[Opening DATA FOR REVIEW section]
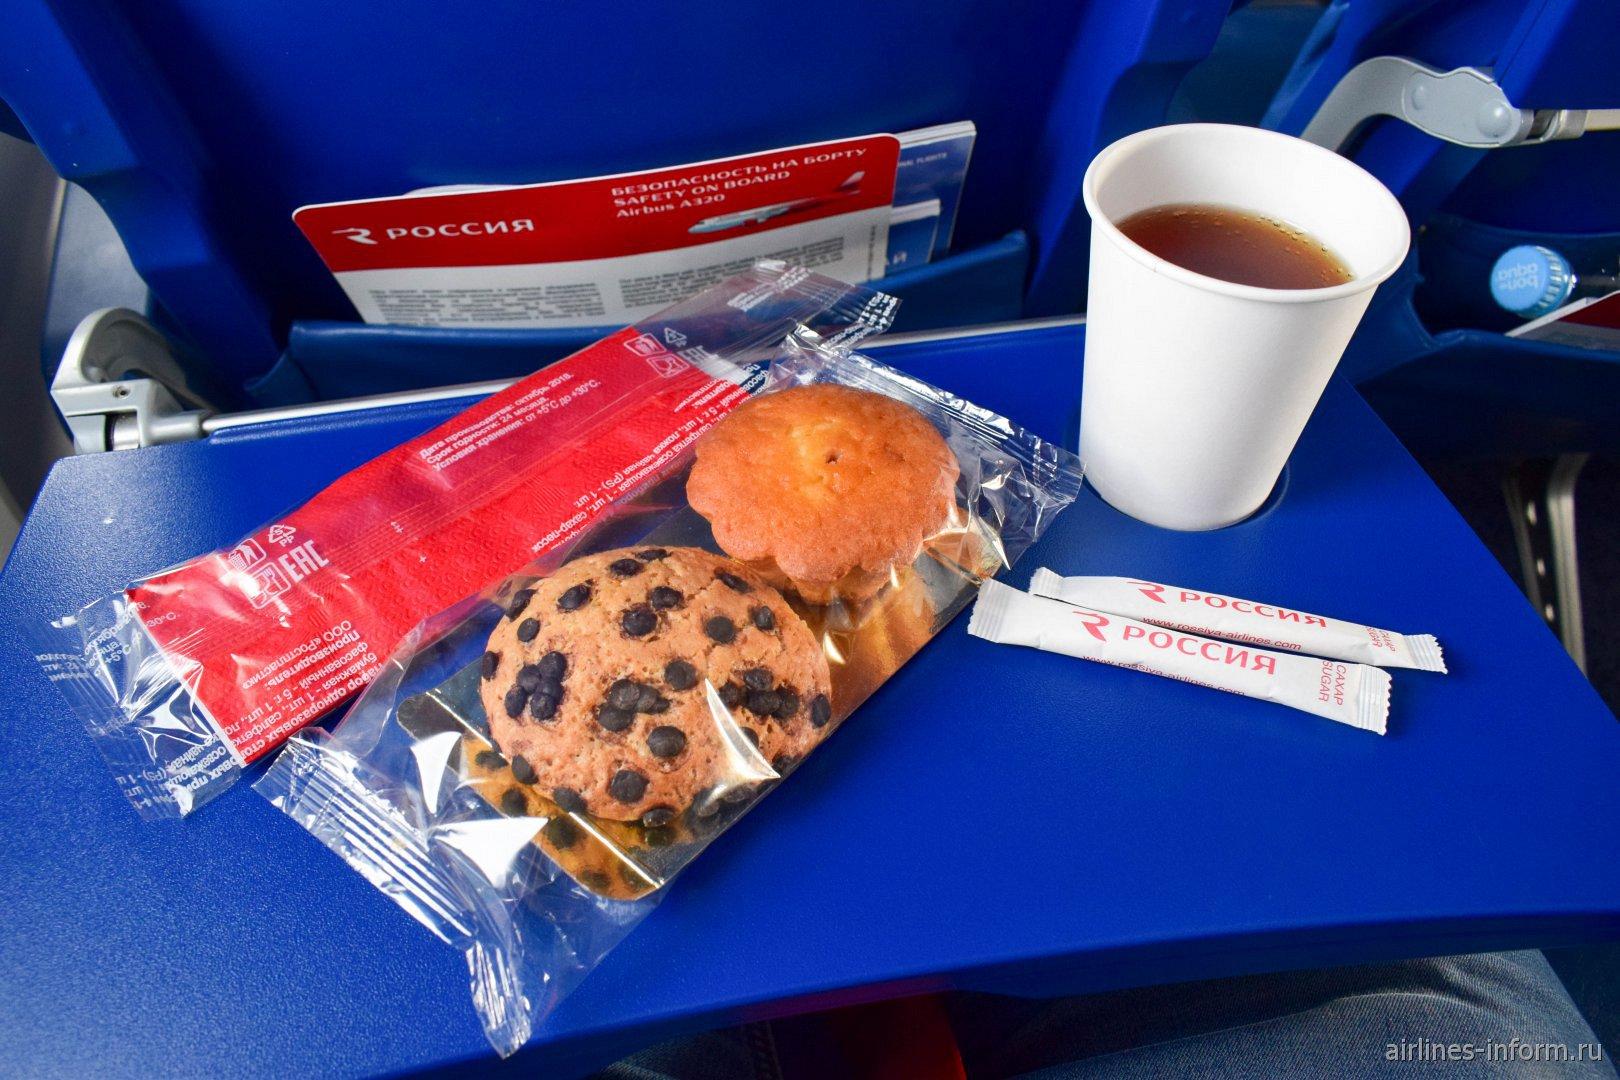 Кекс и печенье на рейсе Санкт-Петербург - Москва авиакомпании
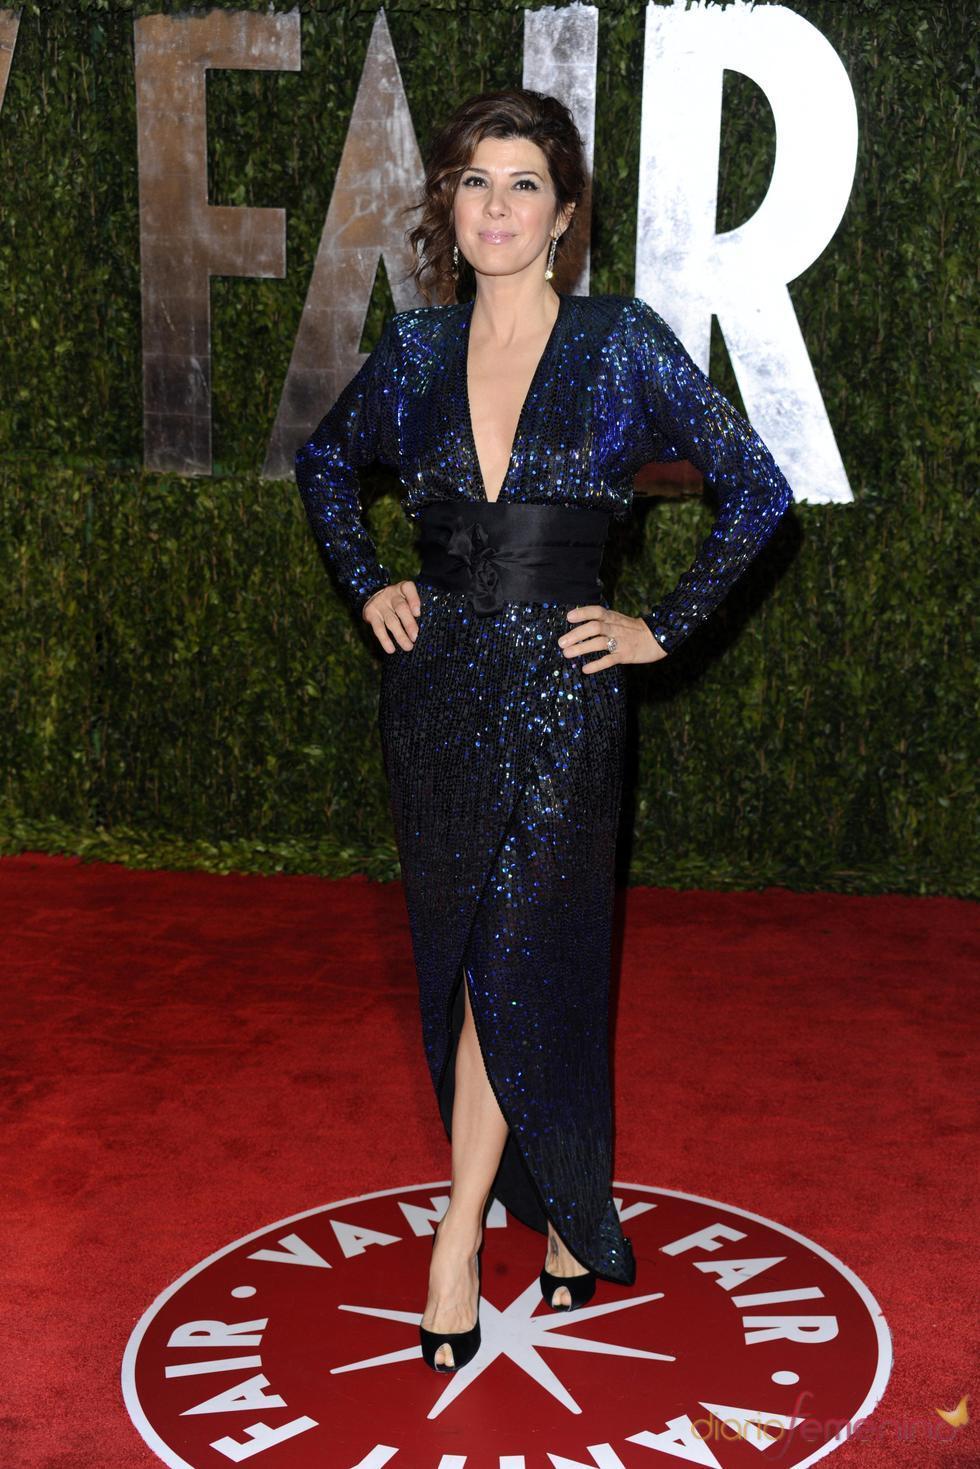 Marisa Tomei en la fiesta Vanity Fair Oscar 2010
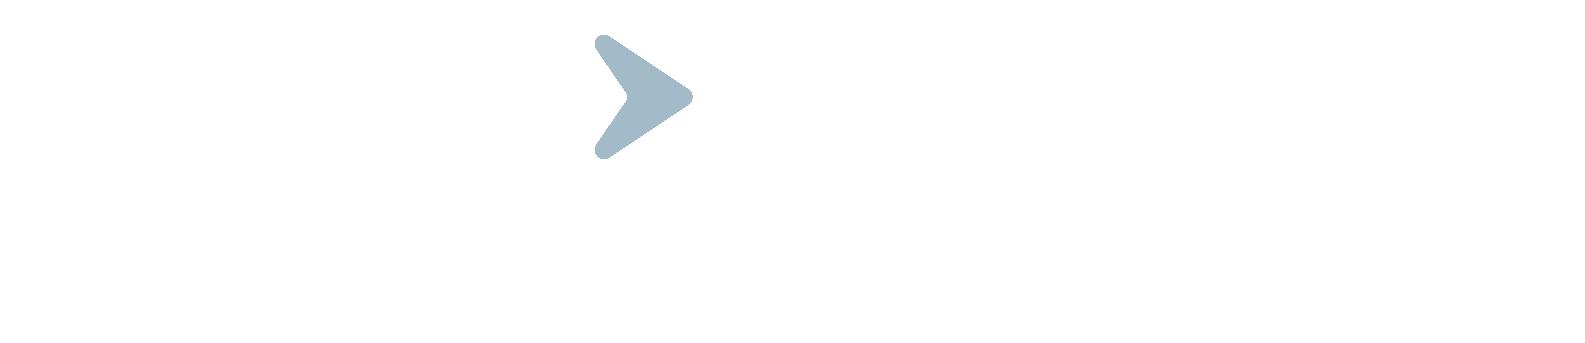 Automate Tech
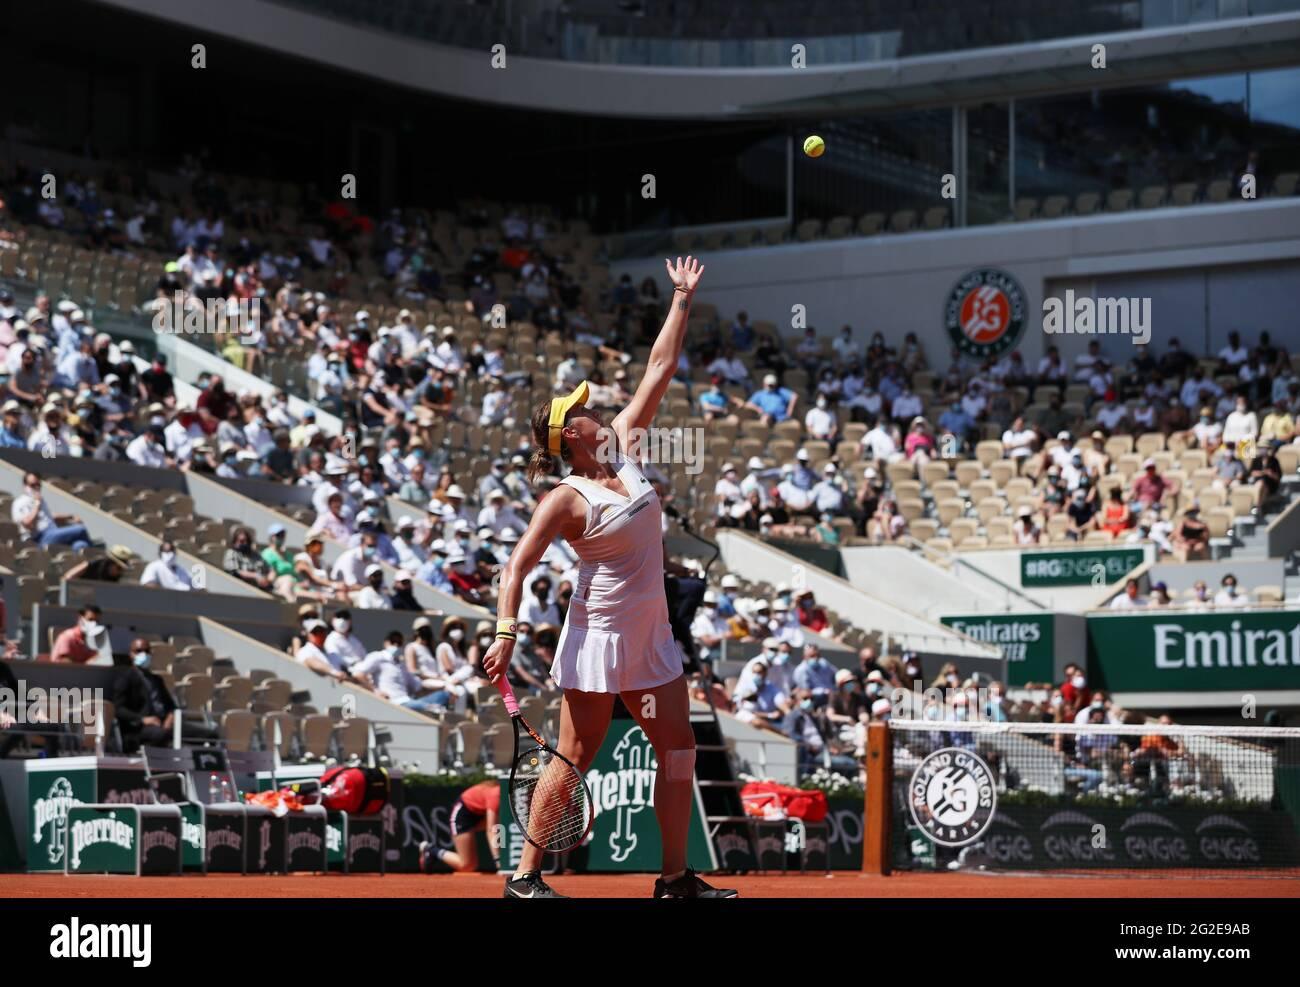 Paris, France. 10 juin 2021. Anastasia Pavlyuchenkova de Russie sert pendant le match semi-fin féminin entre Anastasia Pavlyuchenkova de Russie et Tamara Zidansek de Slovénie au tournoi de tennis ouvert à Roland Garros à Paris, en France, le 10 juin 2021. Credit: Gao Jing/Xinhua/Alamy Live News Banque D'Images
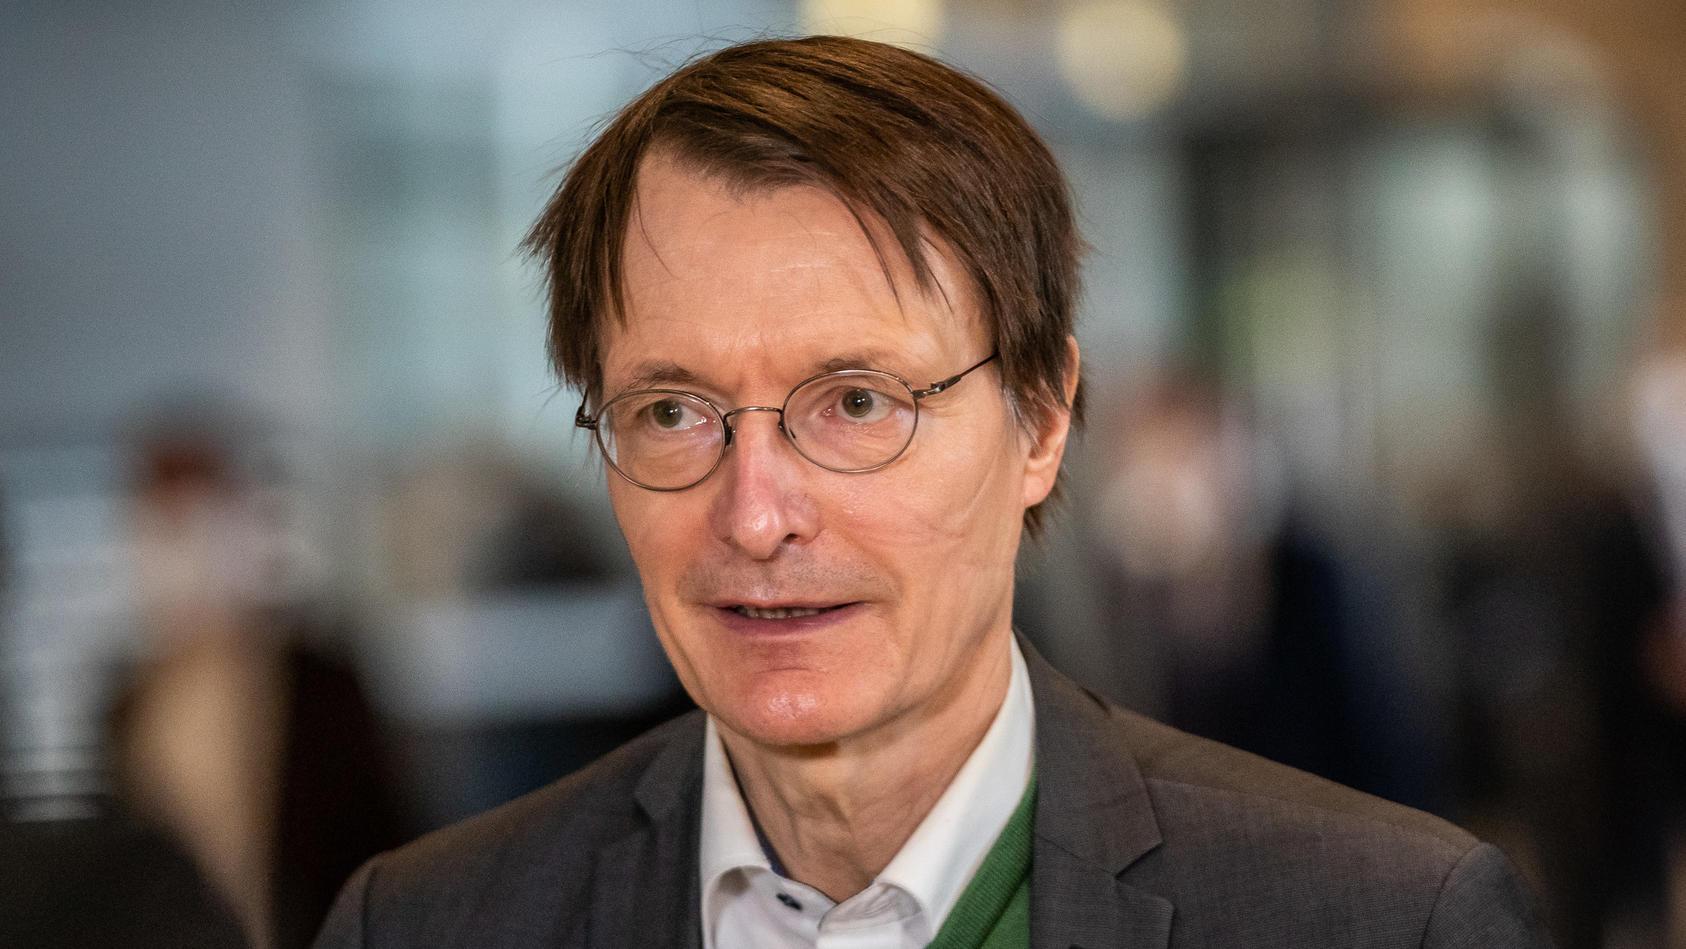 Karl Lauterbach hat in einem Interview erklärt, dem Amt des Gesundheitsministers nicht abgeneigt zu sein
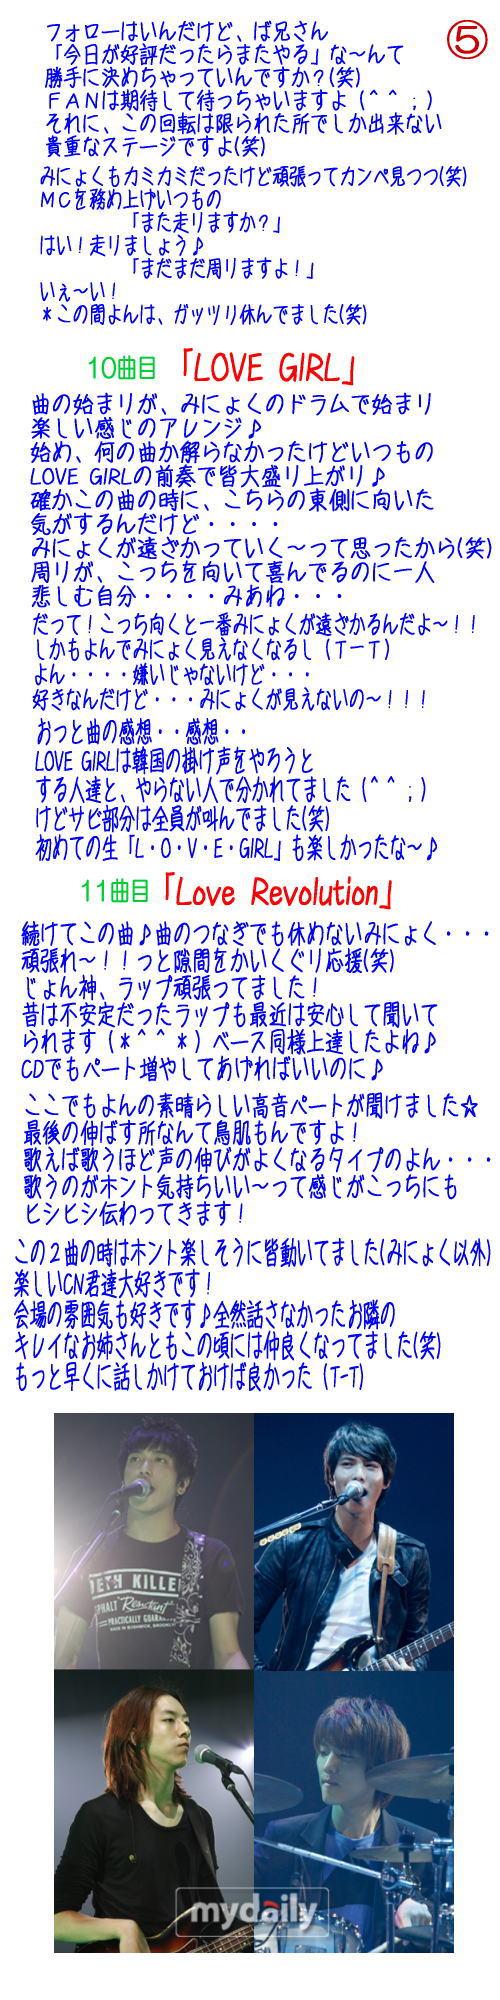 横浜アリーナ-5
[Closing DATA FOR REVIEW section]
## EXERCISE DIRECTIONS
Print the data exactly as written, dropping any images it holds.

## ANSWER BELOW
 Кекс и печенье на рейсе Санкт-Петербург - Москва авиакомпании
 Marisa Tomei en la fiesta Vanity Fair Oscar 2010
 Automate Tech
 Paris, France. 10 juin 2021. Anastasia Pavlyuchenkova de Russie sert pendant le match semi-fin féminin entre Anastasia Pavlyuchenkova de Russie et Tamara Zidansek de Slovénie au tournoi de tennis ouvert à Roland Garros à Paris, en France, le 10 juin 2021. Credit: Gao Jing/Xinhua/Alamy Live News Banque D'Images
 Karl Lauterbach hat in einem Interview erklärt, dem Amt des Gesundheitsministers nicht abgeneigt zu sein
 横浜アリーナ-5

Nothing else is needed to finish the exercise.